Problems with Warp Divergence
Other techniques to improve GPU performance is by handling warp divergence. Dynamic warp formation [Fung et al. 2007] addresses the limited thread level parallelism that is present due to branch divergence. It dynamically forms new warps based on branch target condition. However, the performance of this approach is limited by the warp scheduling policy. Thread block compaction [Fung and Aamodt 2011] addresses the limitation of dynamic warp formation that occurs when the new warps that are formed may require more number of memory accesses. Their approach provides a solution by regrouping the new warps at the reconverging points. However in their solution, warps need to wait for other warps to reach the divergent path. Anantpur and Govindarajan [2014] proposed linearization technique to avoid duplicate execution of instructions that occurs due to branch divergence in GPUs. Brunie et al. [2012] ; Han and Abdelrahman [2011] provide hardware and software solutions to handle branch divergence in GPUs.
Miscellaneous
Warped pre-execution [Lee et al. 2016 ] accelerates a single warp by executing independent instructions when a warp is stalled due to long latency instruction. It improves the GPU performance by hiding the long latency cycles in a better way. Baskaran et al. [2008] proposed a compiler framework for optimizing memory access in affine loops. Huo et al. [2010] ; Gutierrez et al. [2008] show that several applications are improved by using scratchpad memory instead of using global memory.

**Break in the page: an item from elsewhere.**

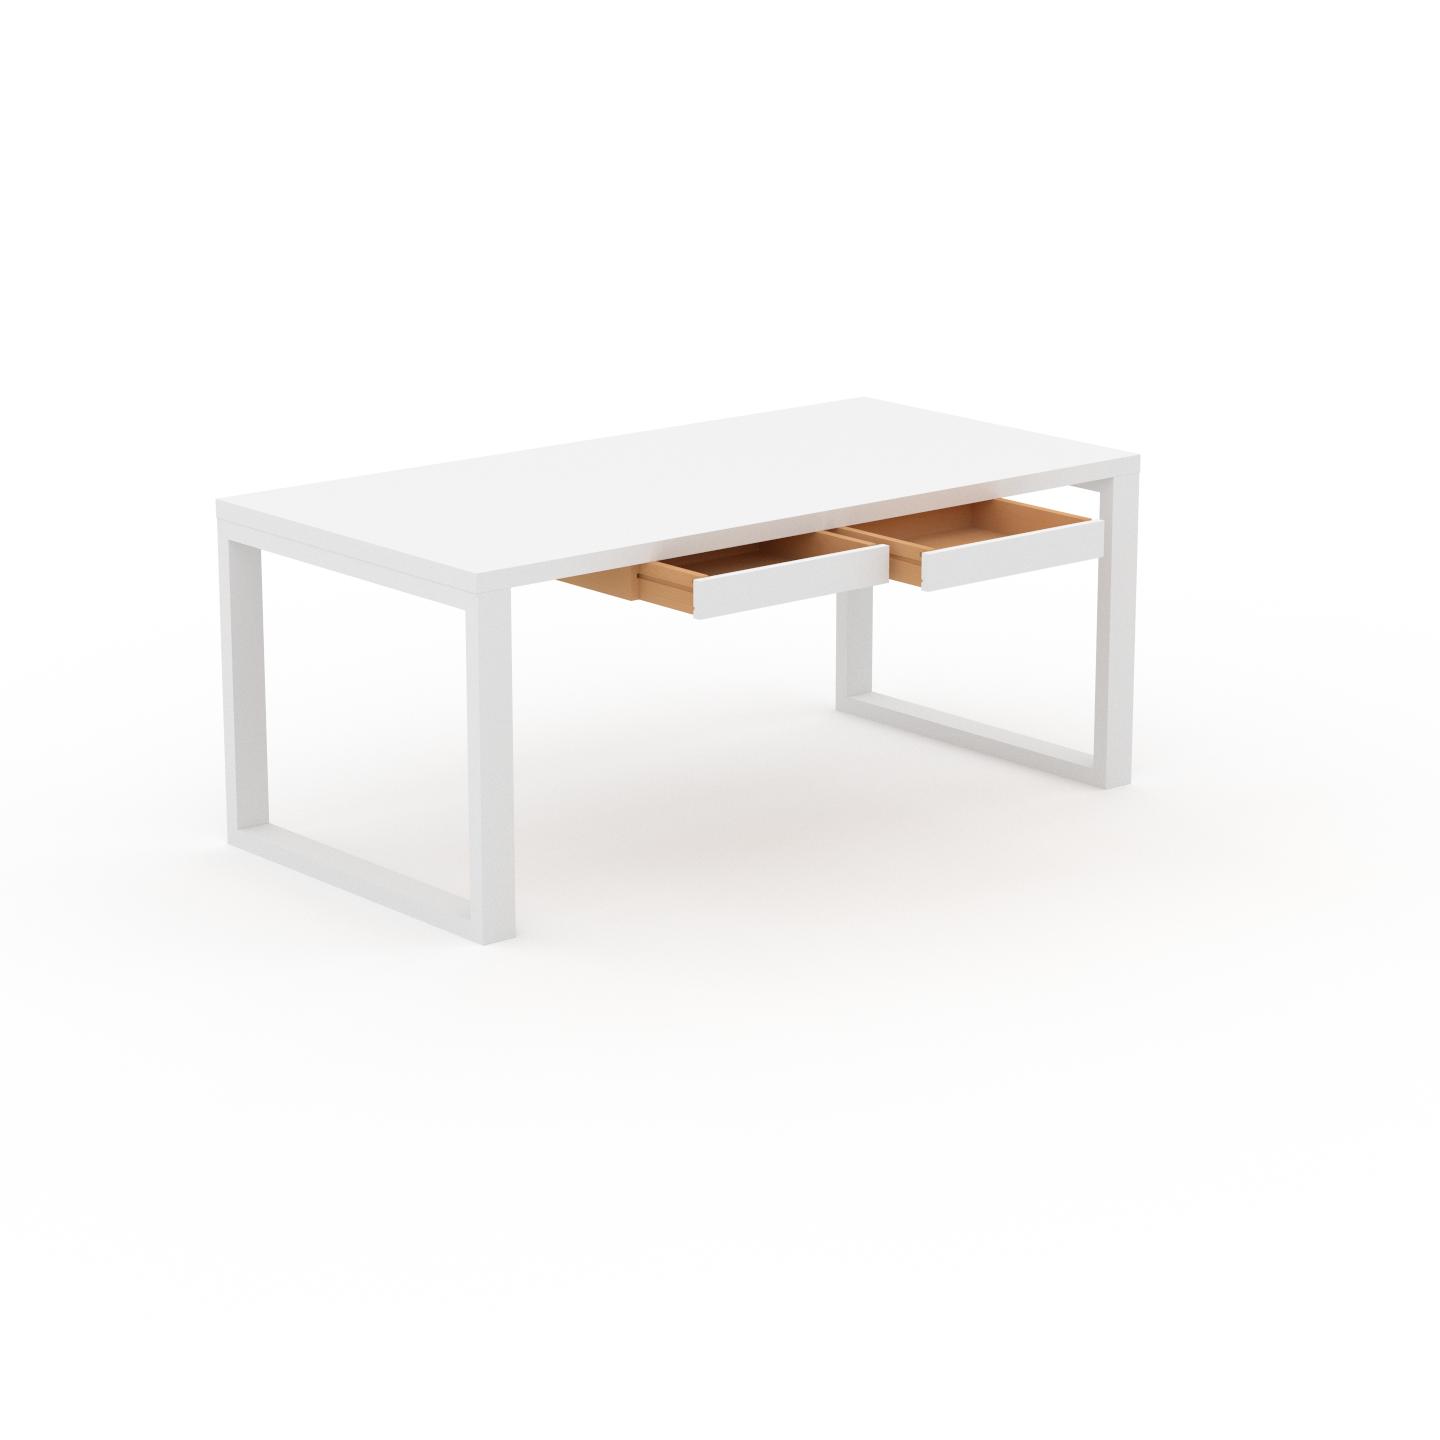 MYCS Schreibtisch Massivholz Weiß - Moderner Massivholz-Schreibtisch: mit 2 Schublade/n - Hochwertige Materialien - 180 x 75 x 90 cm, konfigurierbar

CONCLUSIONS AND FUTURE WORK
In this paper, we propose architectural changes and compiler optimizations for sharing scratchpad effectively to address the underutilization of scratchpad memory in GPUs. Experiments with various benchmarks help us conclude that if the number of resident thread blocks launched by an application are limited by scratchpad availability (Table I) , scratchpad sharing (with the compiler optimizations) improves the performance. On the other hand, for other applications where the number of thread blocks is not limited by scratchpad availability (Table IV) , the hardware changes do not negatively impact the run-time.
In future, we would like to extend our work to integrate register sharing approach [Jatala et al. 2016] . Value range analysis techniques [Harrison 1977; Quintao Pereira et al. 2013] , typically employed for detecting buffer overflows, can be incorporated in our approach to refine the access ranges of shared scratchpad variables, thus help release shared scratchpad even earlier. We need to study the impact of hardware changes on power consumption, and find ways to minimize it.